_Exercise data_.
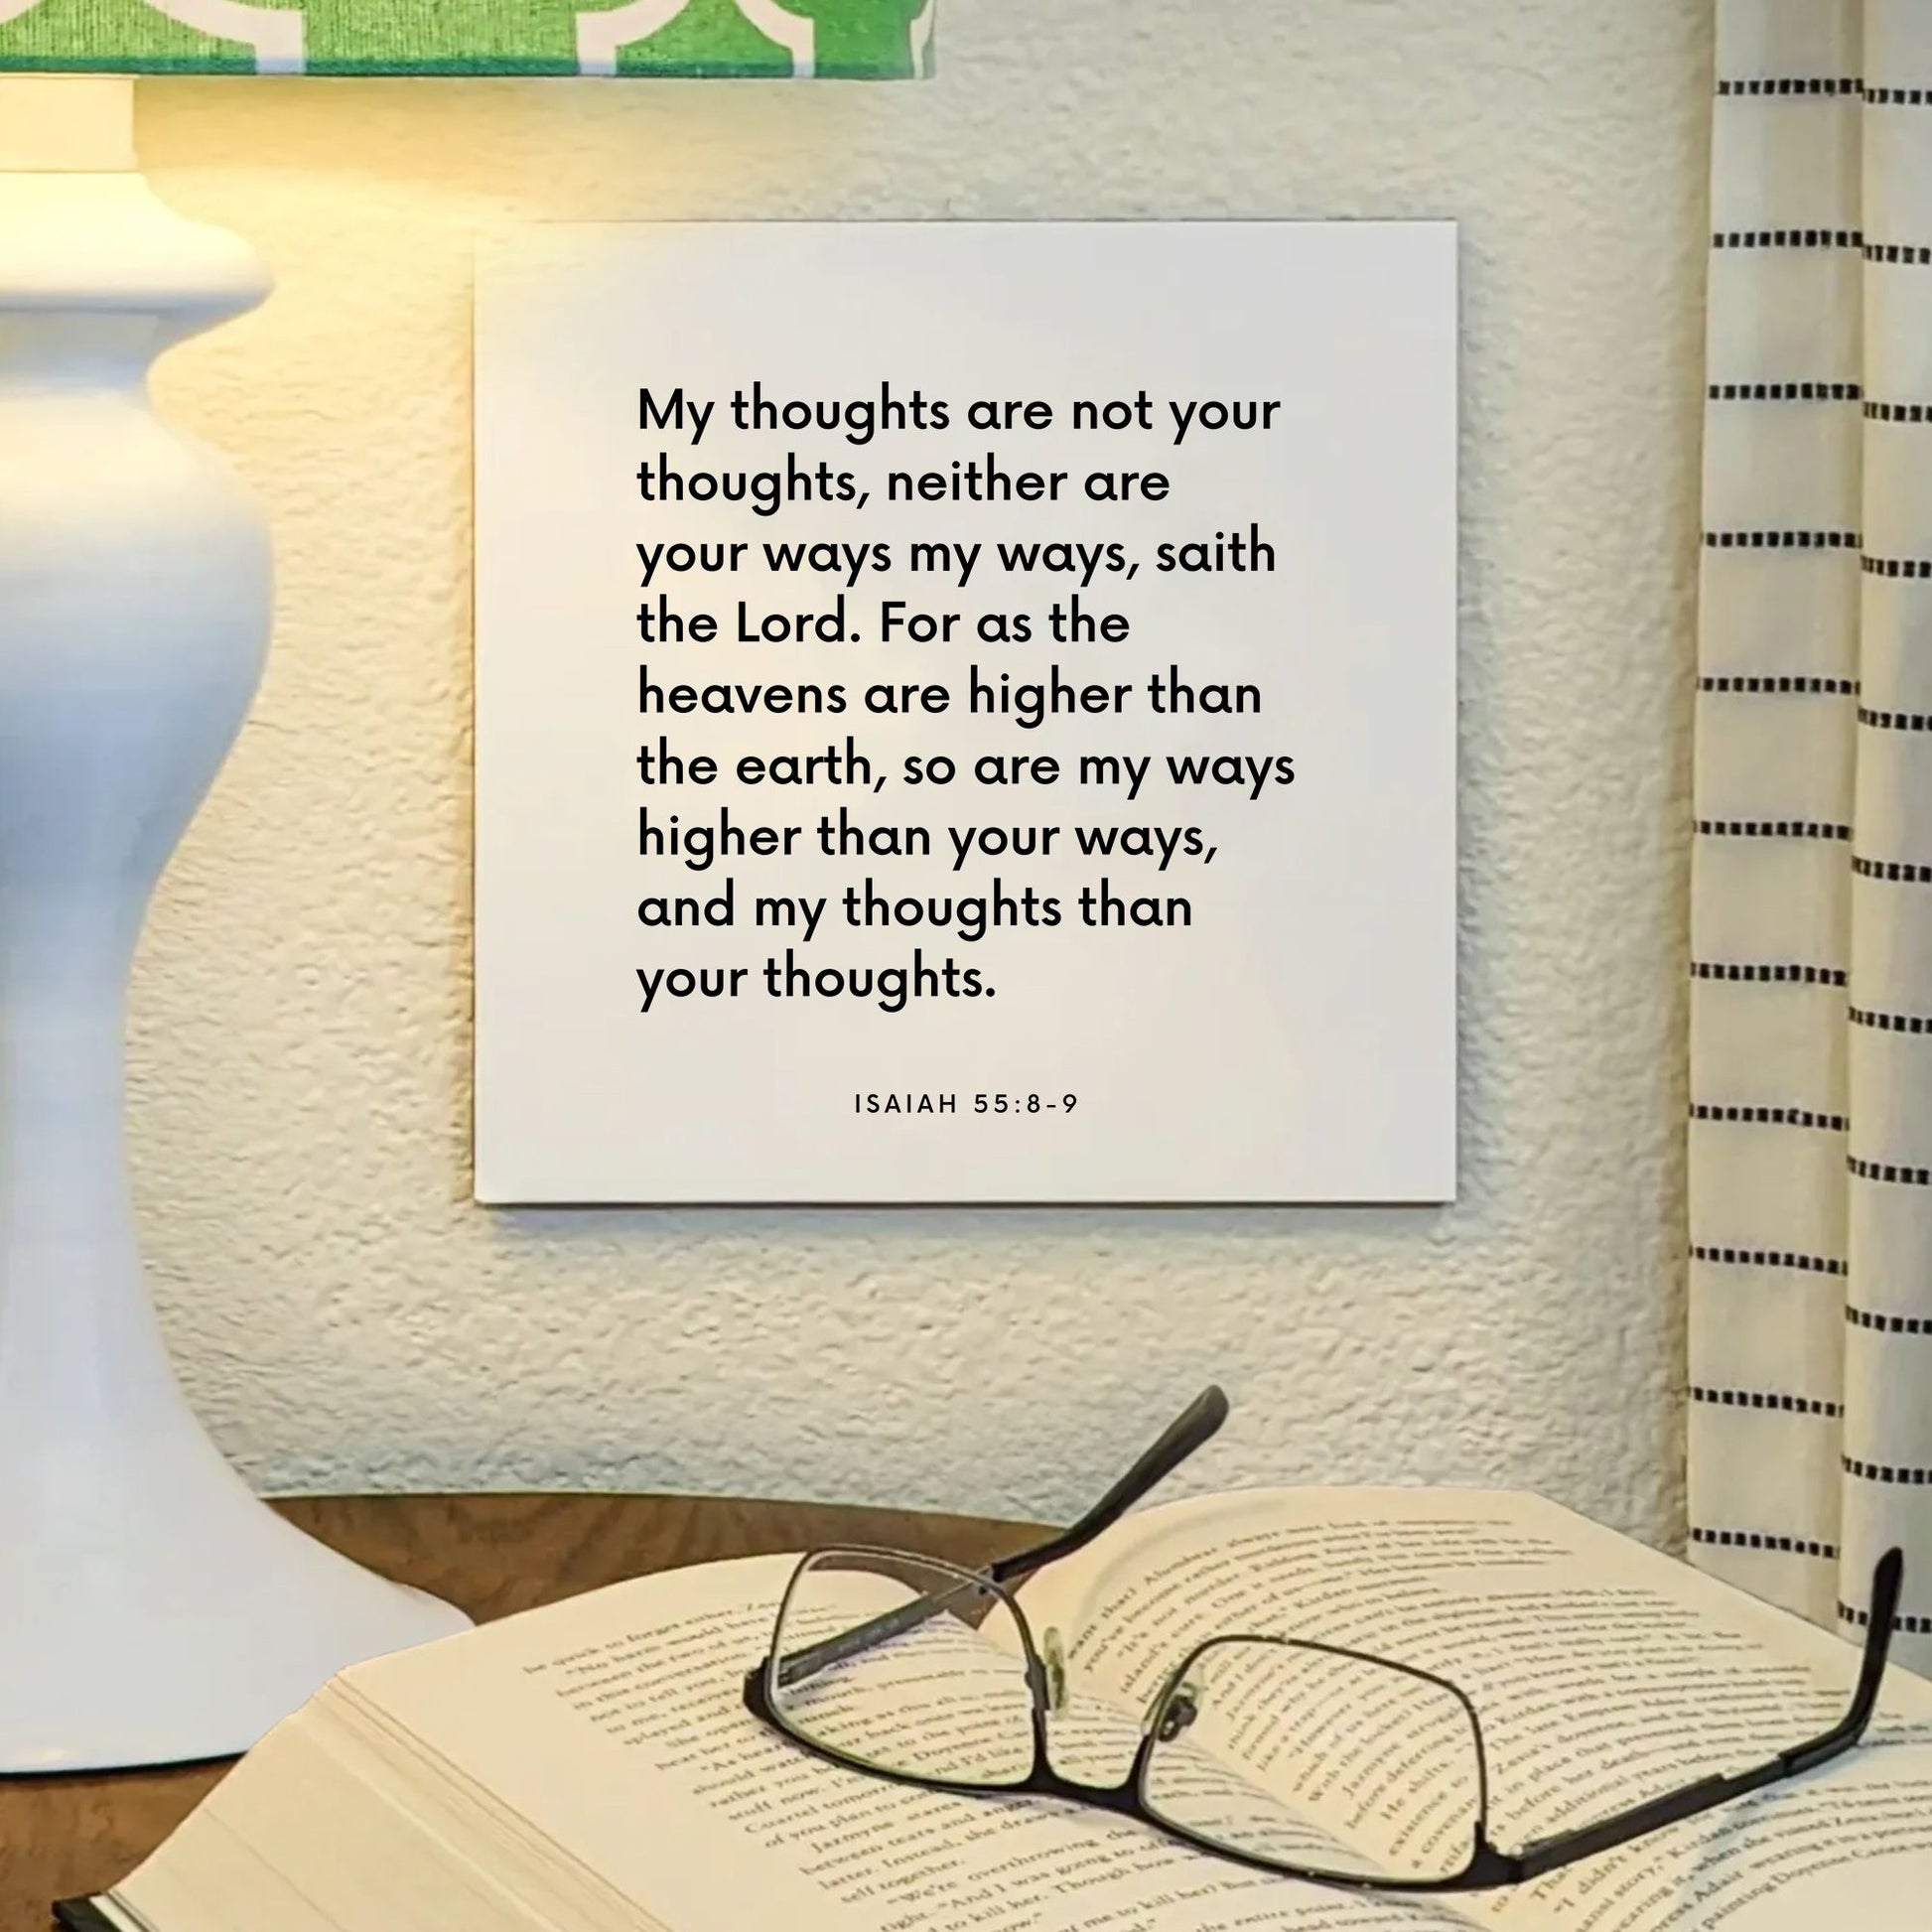 Lamp mouting of the scripture tile for Isaiah 55:8-9 - "My thoughts are not your thoughts, neither your ways my ways"
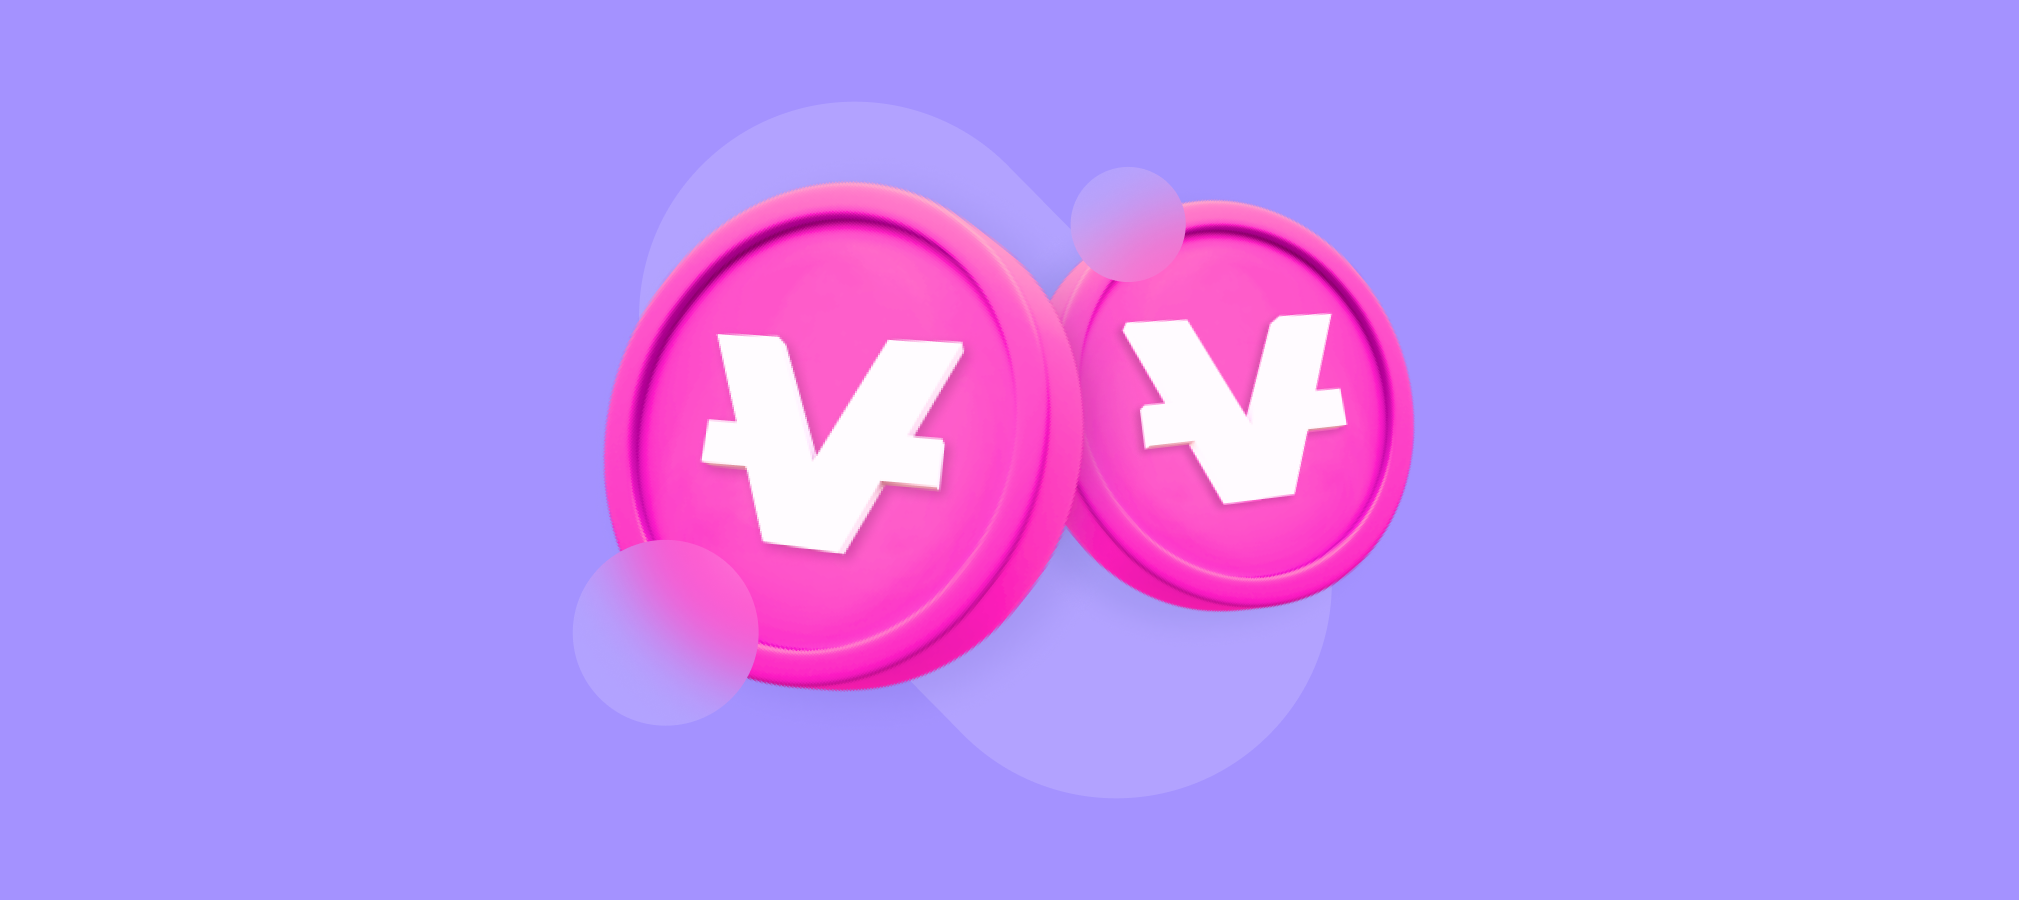 What Is VIDY (VIDY)?
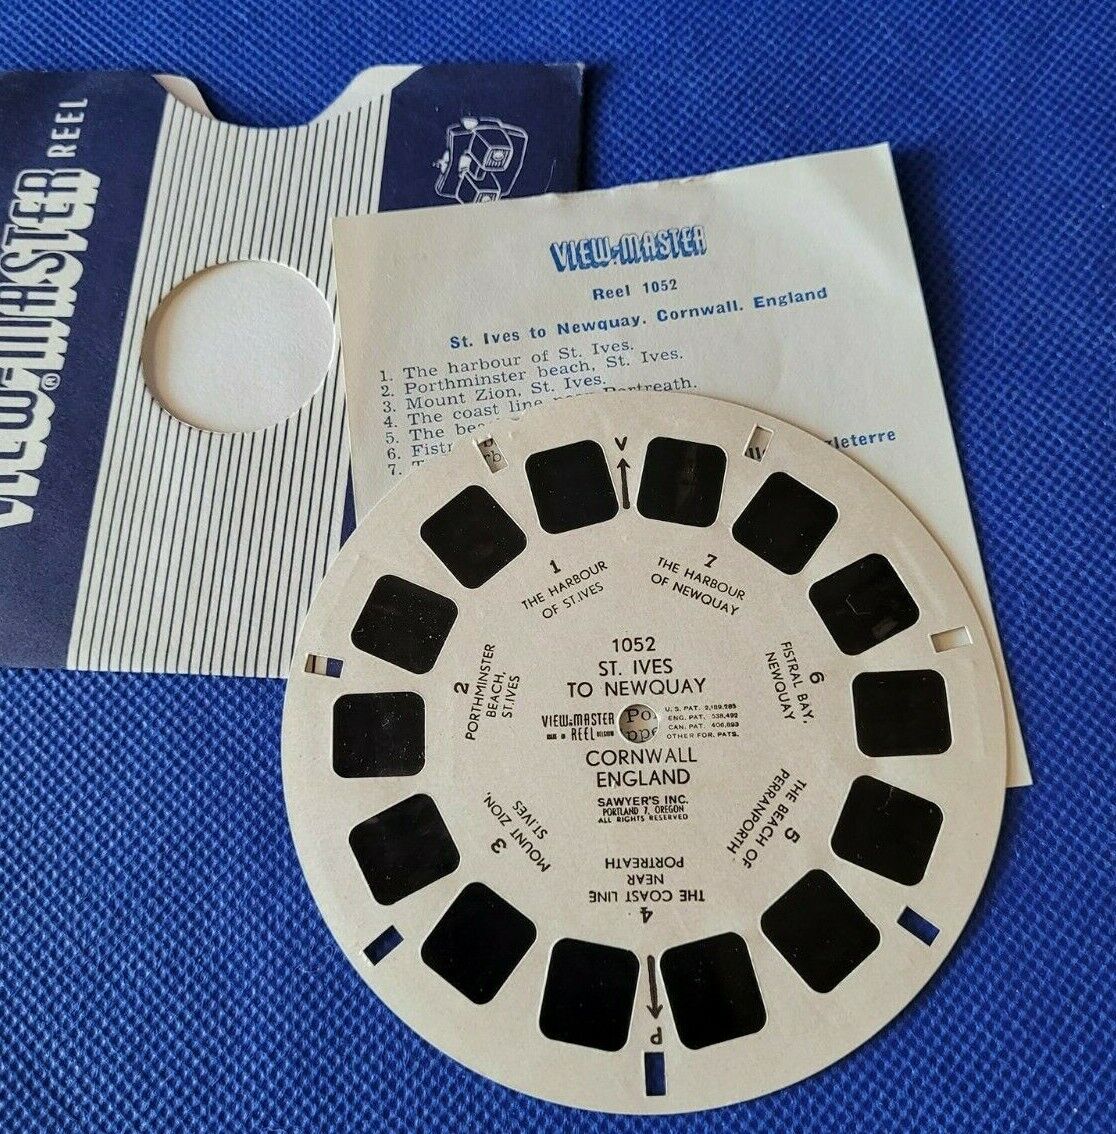 Sawyer's Single view-master Reel 1052 St. Ives to Newquay Cornwall England

_Requirement_.
Every line above gets copied exactly; none of the pictures do.

_Exercise output_.
 Lamp mouting of the scripture tile for Isaiah 55:8-9 - "My thoughts are not your thoughts, neither your ways my ways"
 What Is VIDY (VIDY)?
 Sawyer's Single view-master Reel 1052 St. Ives to Newquay Cornwall England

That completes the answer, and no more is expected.